Но славяне смотрели на ситуацию иначе, и то, что они видели, было тоже правдой. А видели они, что, в общем и целом, в социальном и бытовом плане «среднестатистический еврей» устроен лучше, нежели «среднестатистический славянин», а возможно, и все остальные «среднестатистические граждане» страны советов.
А сейчас просто необходима небольшая историко-социологическая справка. Перед войной огромная часть еврейского населения СССР жила в еврейских местечках и городках Украины, Белоруссии и т. д. Война едва не уничтожила само понятие – еврейское местечко. Люди были убиты. В живых остались только те, кто не погиб на фронте и кто успел эвакуироваться или случайно оказался в безопасном месте в самом начале войны. О послевоенном возвращении в родные места, где все знали почти всех, где предстояло бы жить бок о бок с семьями тех, кто принимал участие в расправах над твоими близкими, – не могло быть и речи. Люди потянулись в большие города, где проще было устроиться, найти работу или учёбу по душе, а молодым – ещё и спутника / спутницу. Кроме того, у когото в этих городах уже жили родственники, уехавшие туда в 30-е, 20-е годы, а то и раньше. Это я к тому, что уже после войны основная масса советских евреев «сосредоточилась» в лучших городах страны, а в Советском Союзе сам факт проживания в них сильно влиял на качество жизни.
Во-первых, была большая разница в снабжении, особенно если сравнивать столицы со многими регионами.
Во-вторых, была очень большая разница в возможностях реализации культурных запросов – опять же, особенно в сравнении со столицами.
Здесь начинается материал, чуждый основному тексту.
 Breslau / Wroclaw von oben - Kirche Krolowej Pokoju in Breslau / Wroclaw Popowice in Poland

Такой разрыв в культурных возможностях вообще характерен для любой страны, если она чуть больше «шахматной доски», но на Западе этот разрыв в значительной степени преодолевается возможностью много путешествовать (благодаря более высоким доходам и наличию хотя бы одного автомобиля, практически, в каждой семье).
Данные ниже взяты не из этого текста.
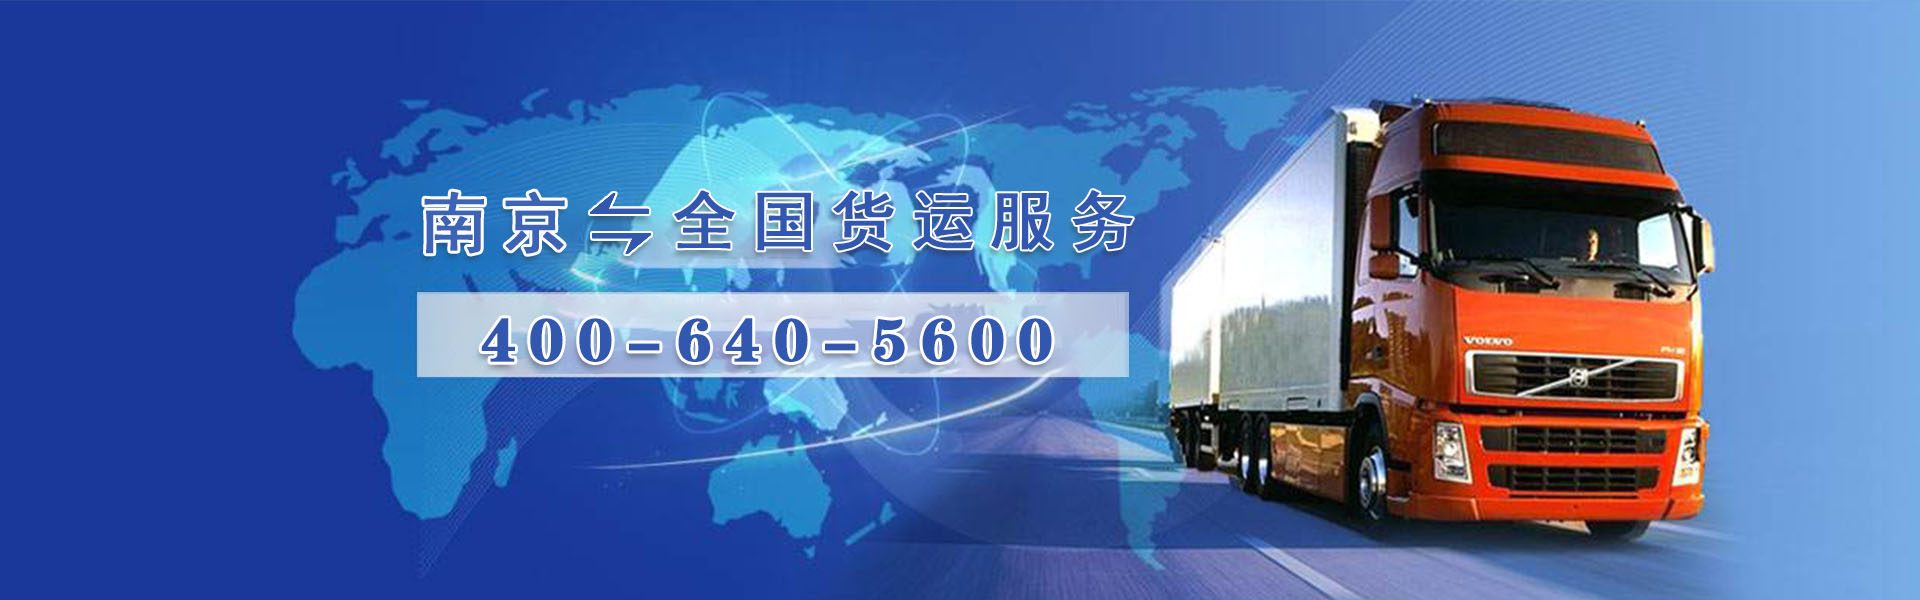 南京货运服务项目介绍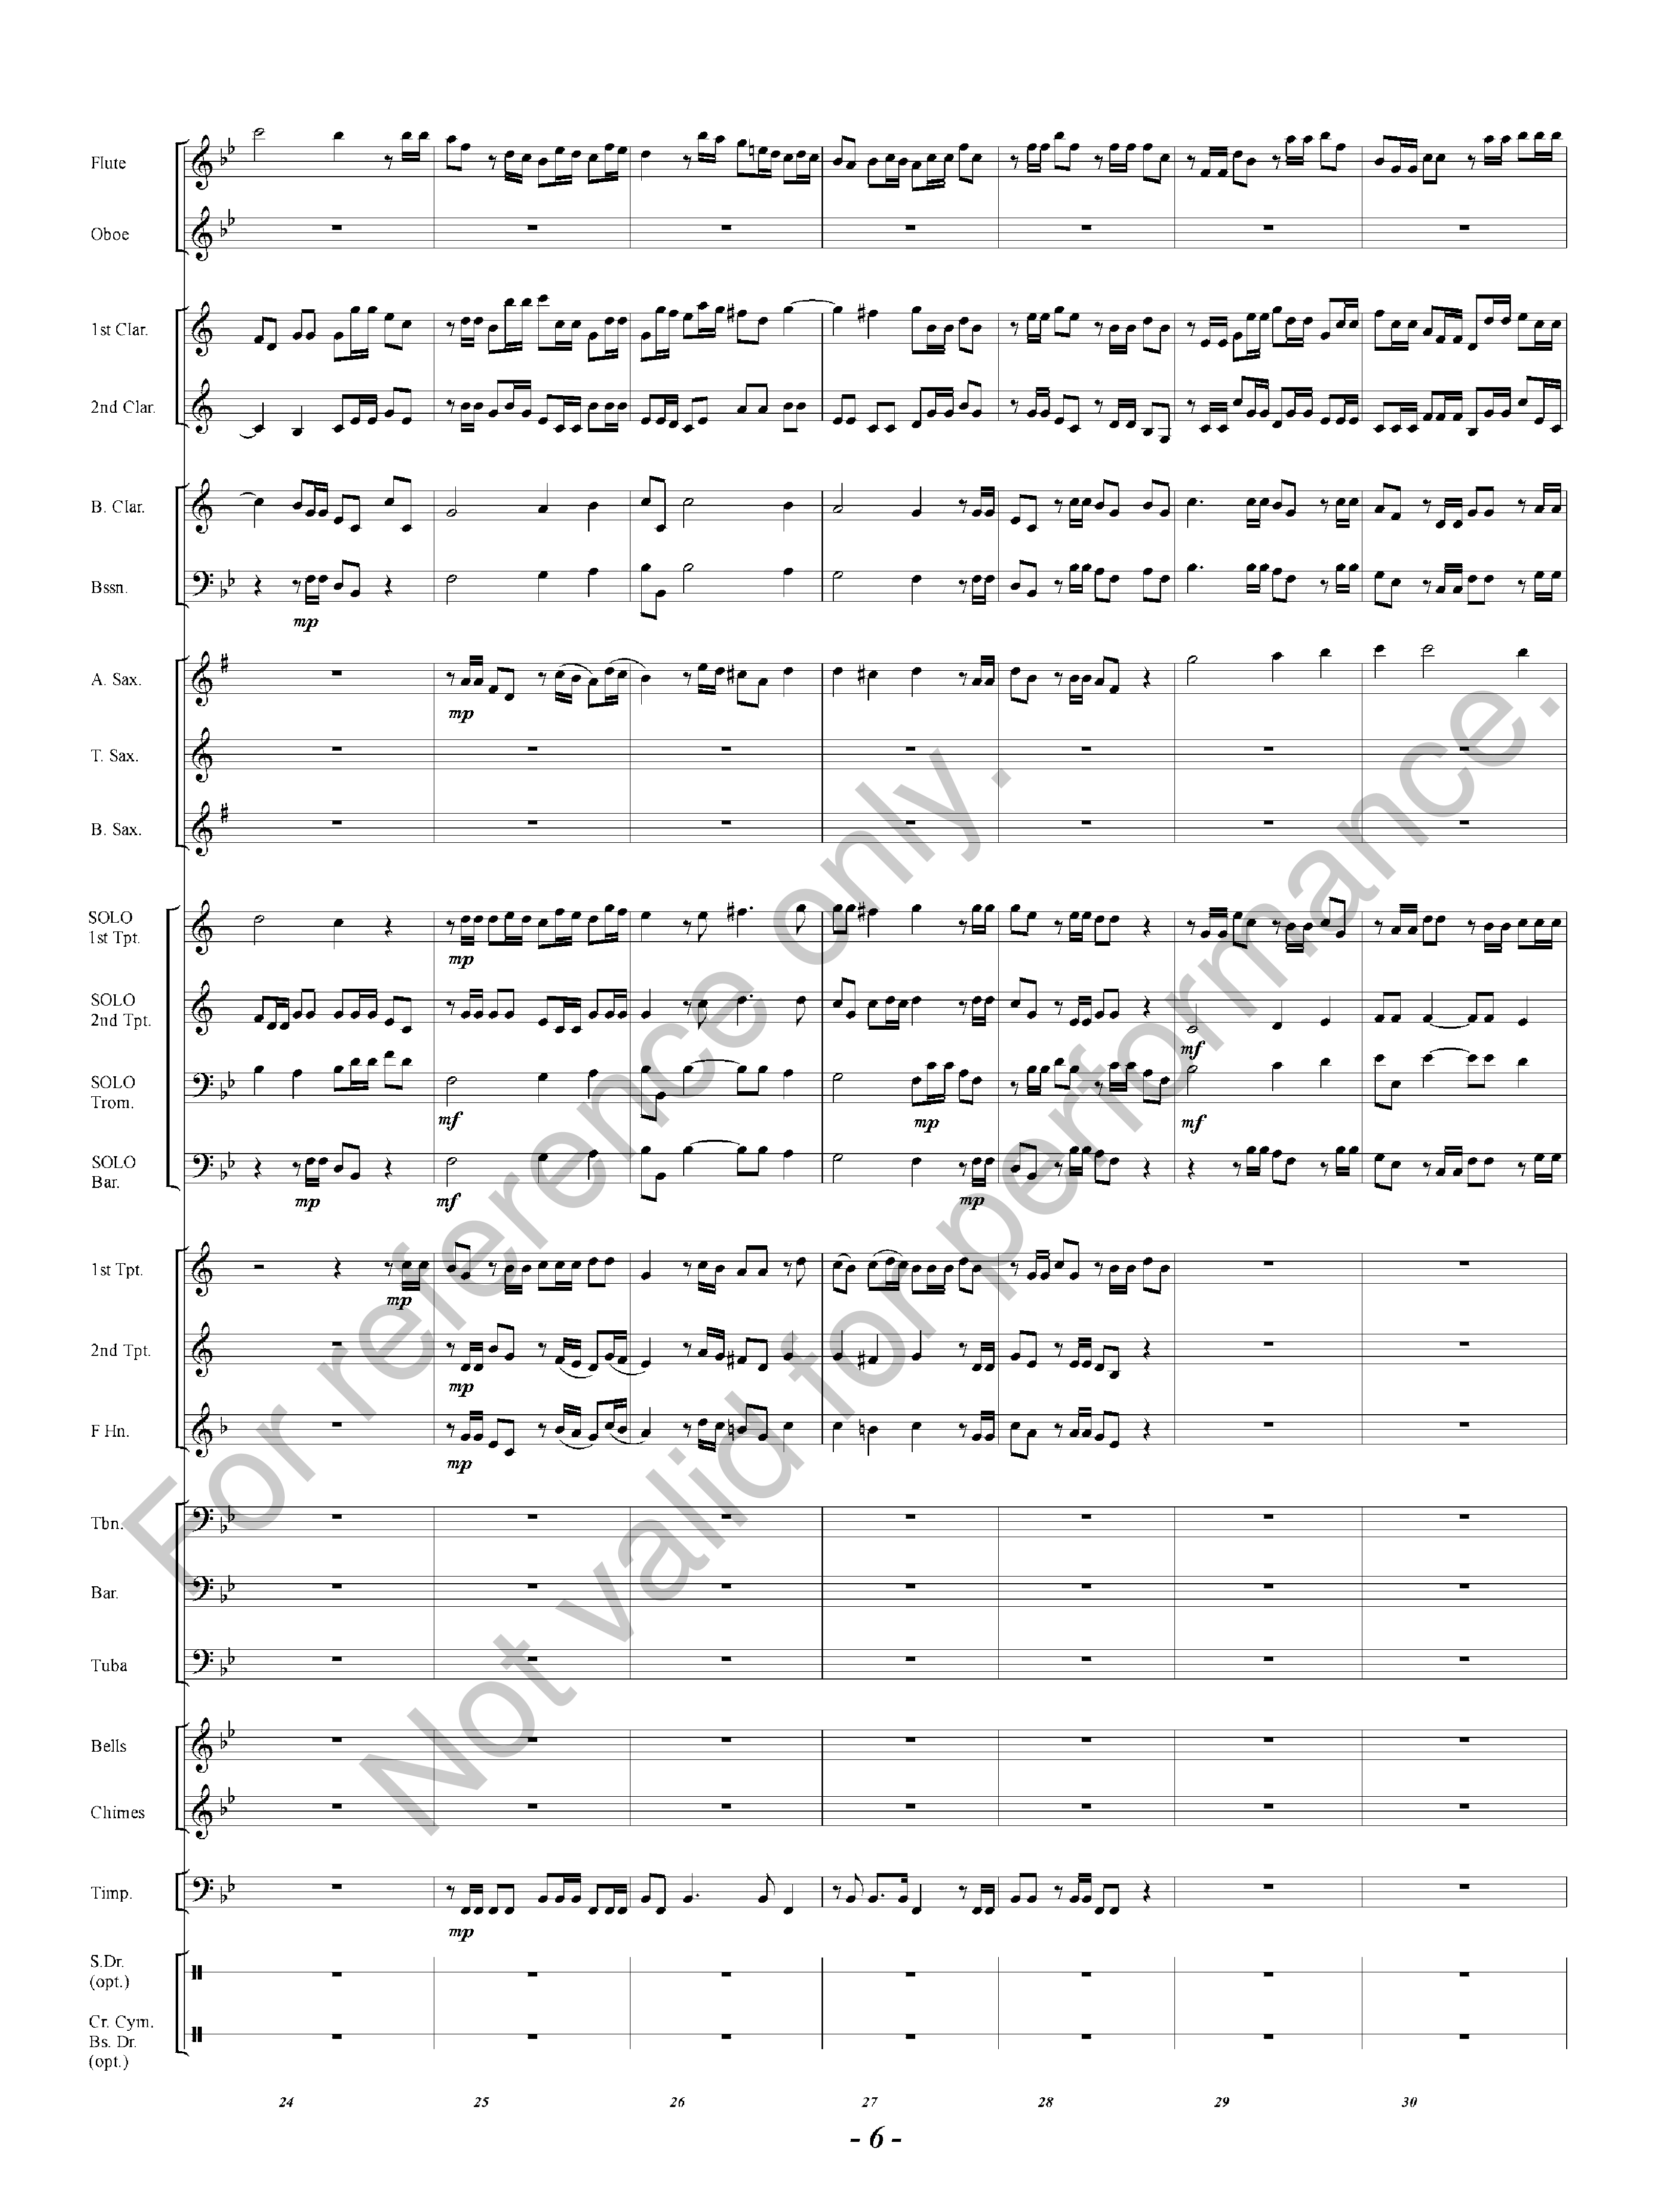 Hallelujah Chorus by George Frederic Handel/arr. | J.W. Pepper Sheet Music

Итак, начиная с какого-то времени, советские евреи в массе своей проживали в лучших городах страны, профессионально принадлежа, в основном, к т. н. «прослойке» интеллигенции и служащих и к сфере бытовых услуг: поэтому уже в силу одних только этих обстоятельств «среднестатистический советский еврей» – в сравнении с другими «среднестатистическими» – автоматически становился на первую или, по крайней мере, одну из первых ступенек социальной и бытовой лесенки. Странно, правда? Могло ли такое быть при государственном антисемитизме, при фактическом запрете на некоторые профессии (профессии партруководителя и дипломата, например), некоторые должности? Уж не наврал ли я чего в своих предыдущих рассуждениях?
Да нет, не наврал. В СССР одно могло вполне уживаться с другим. Дело в том, что советский государственный антисемитизм не был тотальным. При Сталине он ещё мог бы им стать, но в послесталинском Союзе правящий аппарат и его верхушка были рабами своей же идеологии и через какие-то границы, к счастью, никогда бы не смогли переступить. Да, были письменные инструкции, написанные «партийно-эзоповым языком». Были многочисленные инструкции устные, сказанные языком матерным. Но (1) антиеврейского законодательства не было. Да и (2) сама антиеврейская пропаганда в Союзе, при всей её мерзости и лжи, в официальных источниках всё же имела определённые ограничения. Вот в этих двух моментах и заключается ответ на вопрос, как одно могло уживаться с другим.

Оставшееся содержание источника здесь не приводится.